* Data excerpt

——

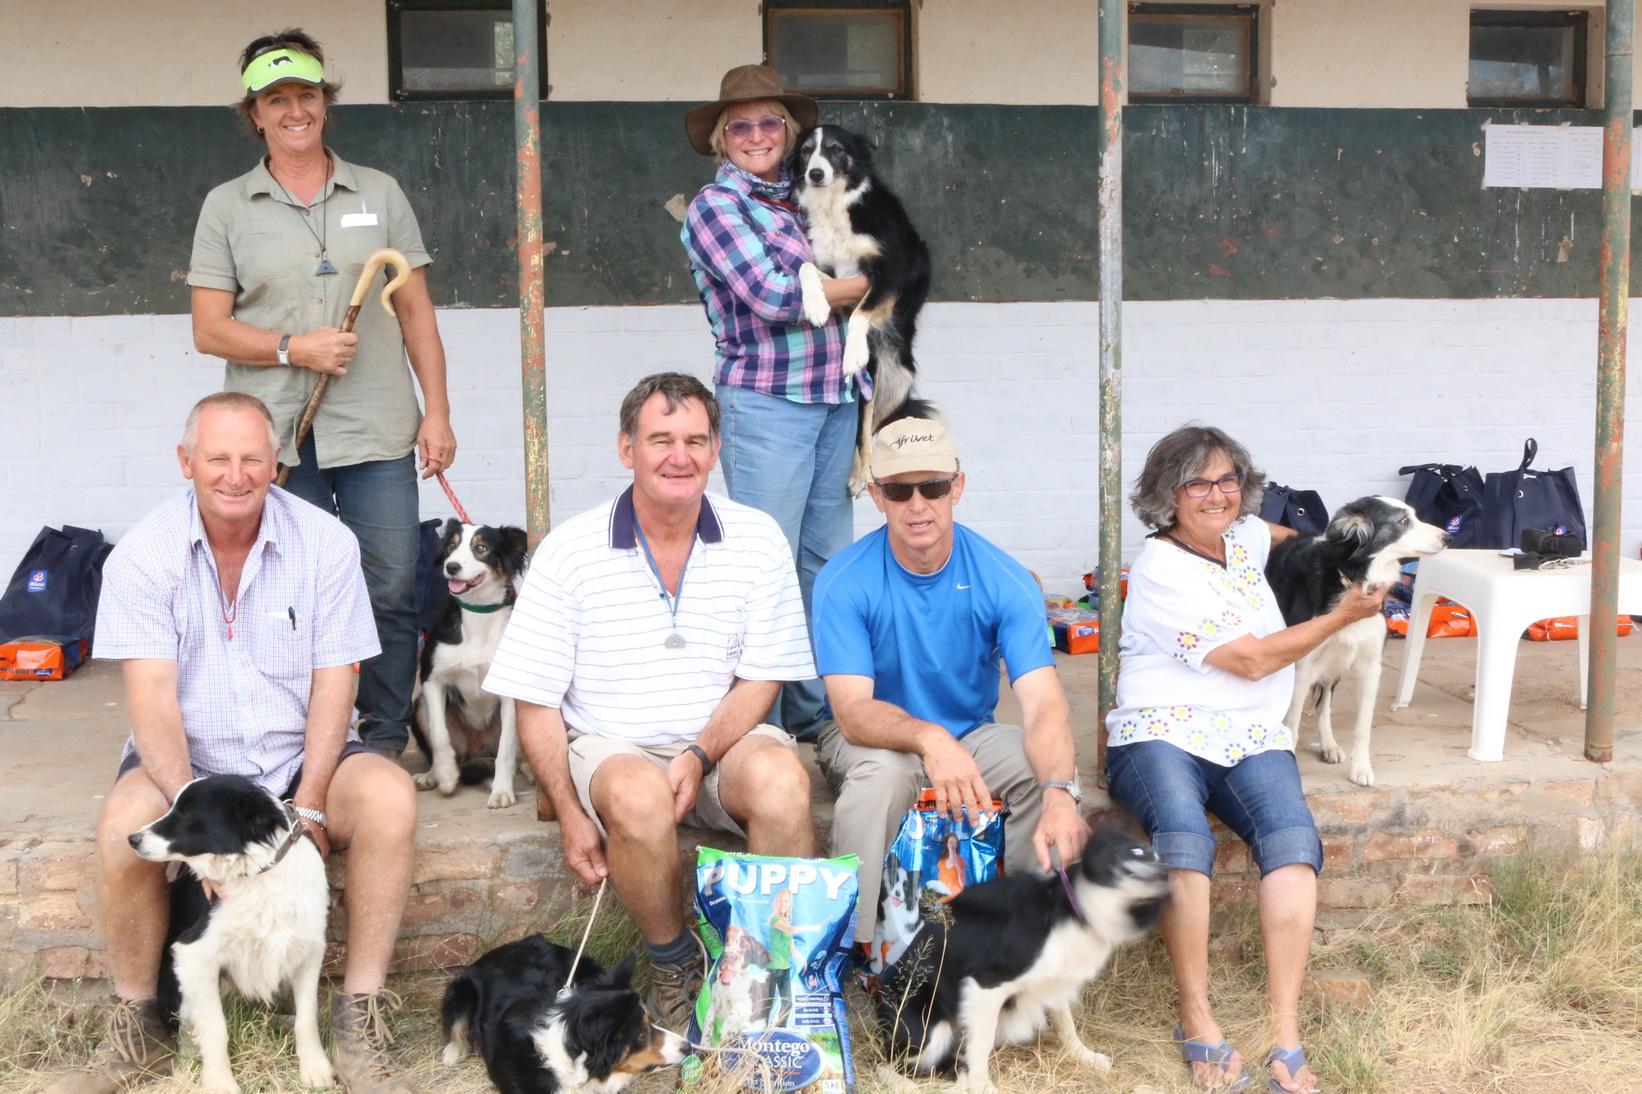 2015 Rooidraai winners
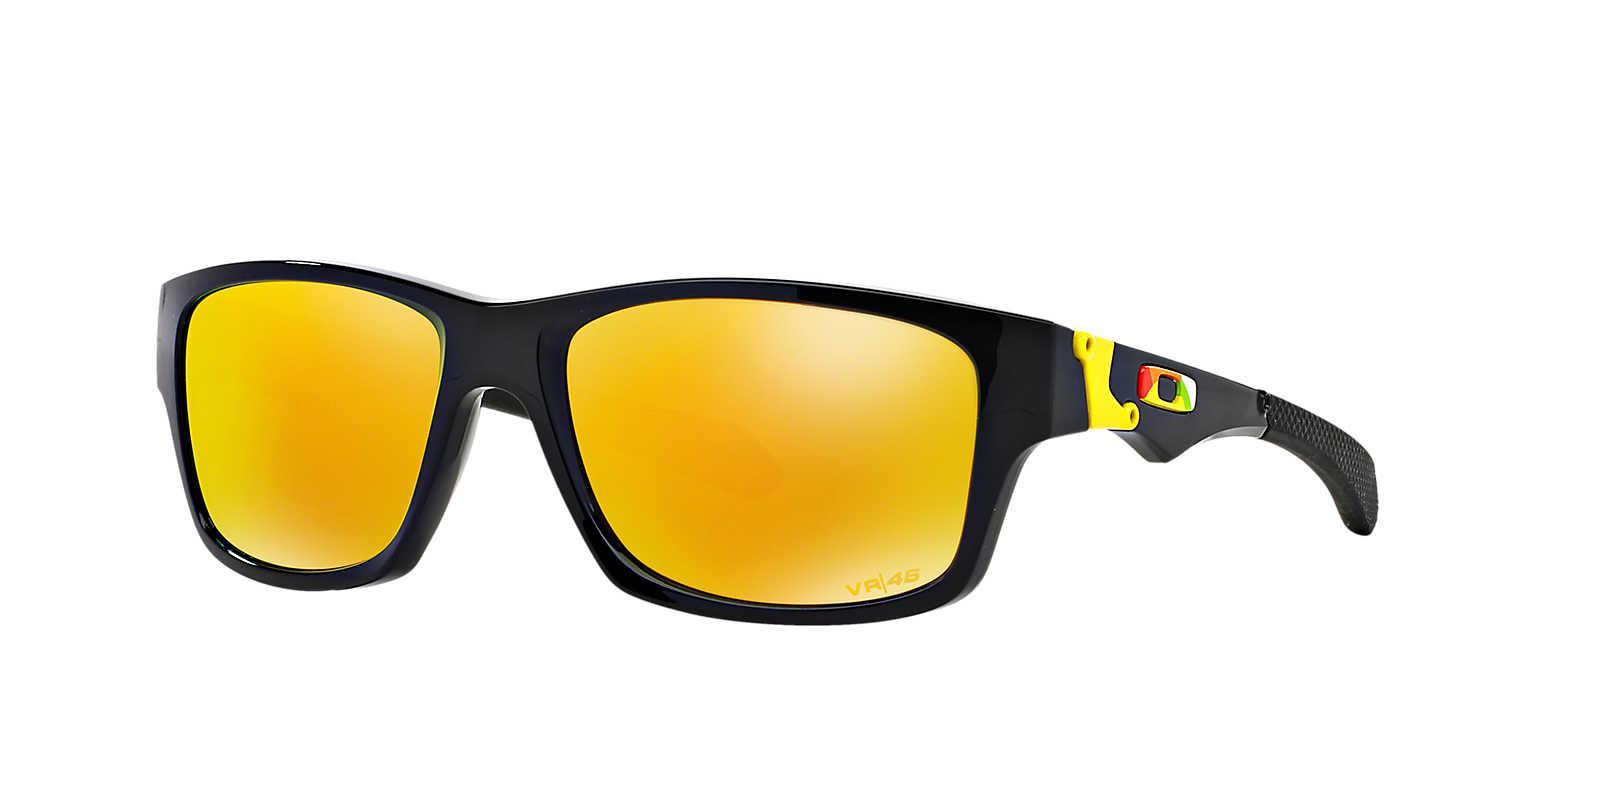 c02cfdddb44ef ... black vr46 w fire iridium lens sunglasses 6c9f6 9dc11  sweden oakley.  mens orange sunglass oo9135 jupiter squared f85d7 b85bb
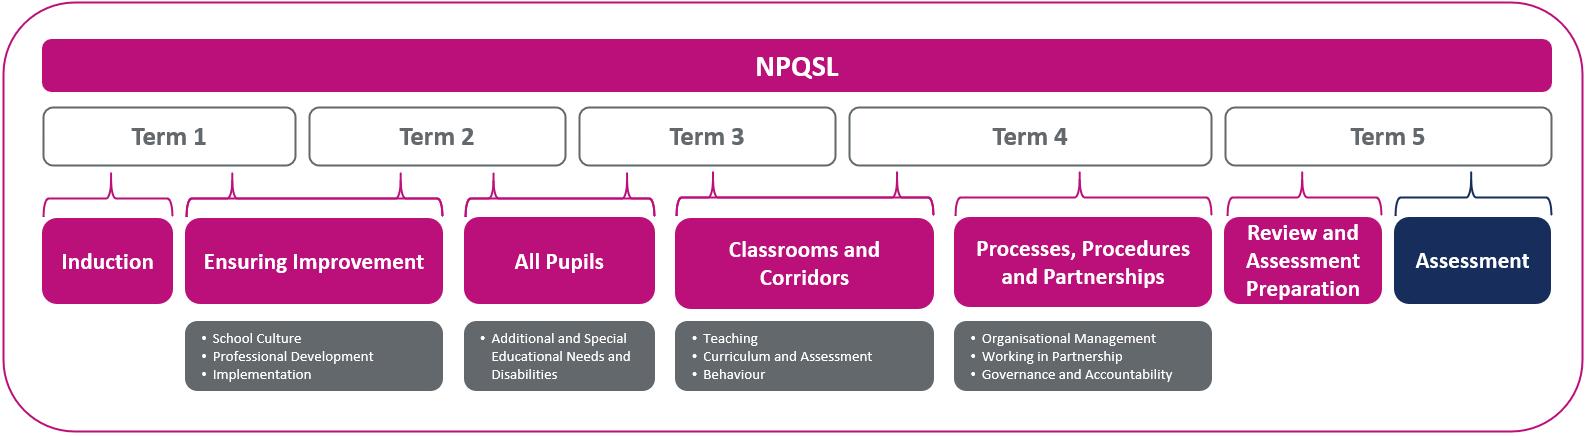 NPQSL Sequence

——

* Task brief
Strip the images and return the remaining data exactly.

* Task result
 2015 Rooidraai winners
 c02cfdddb44ef ... black vr46 w fire iridium lens sunglasses 6c9f6 9dc11  sweden oakley.  mens orange sunglass oo9135 jupiter squared f85d7 b85bb
 NPQSL Sequence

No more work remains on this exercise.